Buddhist Impermanence

Impermanence is a central teaching in Buddhism. In this post we'll examine the concept from a practical, hands-on perspective. As with all Buddhist teachings, you are not suppose to intellectualize over them. Rather, it's about applying the teachings in the present moment, the here and now.

The most important tool in the spiritual discipline is awareness, also referred to as mindfulness. When applied correctly, it helps you gain direct understanding of truth and reality.

The intellect is secondary to awareness. In other words, insights and deep understanding of our true nature are the fruits of awareness, mindfulness or attention. That makes spirituality highly practical as opposed to theoretical.
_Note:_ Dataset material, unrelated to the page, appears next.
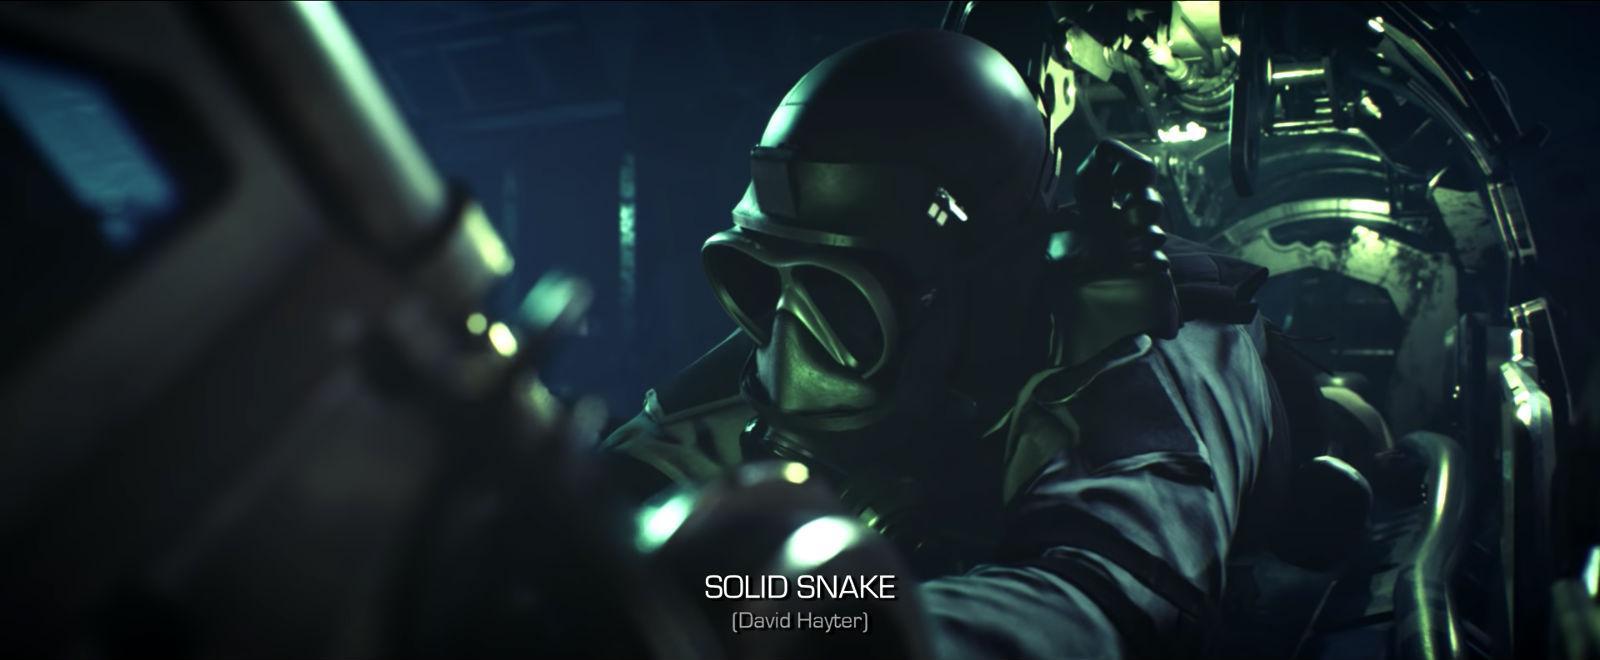 Metal Gear Solid intro remake

There are three core Buddhist teachings that are treated as a group. That is impermanence, suffering and not-self. In my experience, impermanence is the easiest one to grasp out of the three. That makes this post a good starting point.

Everything Is Impermanent

The word impermanence implies change and fluctuation. The Buddha realized that everything that exists is impermanent or phrased differently, in an endless state of change. That includes your body, sense perceptions, thoughts and the world we inhabit.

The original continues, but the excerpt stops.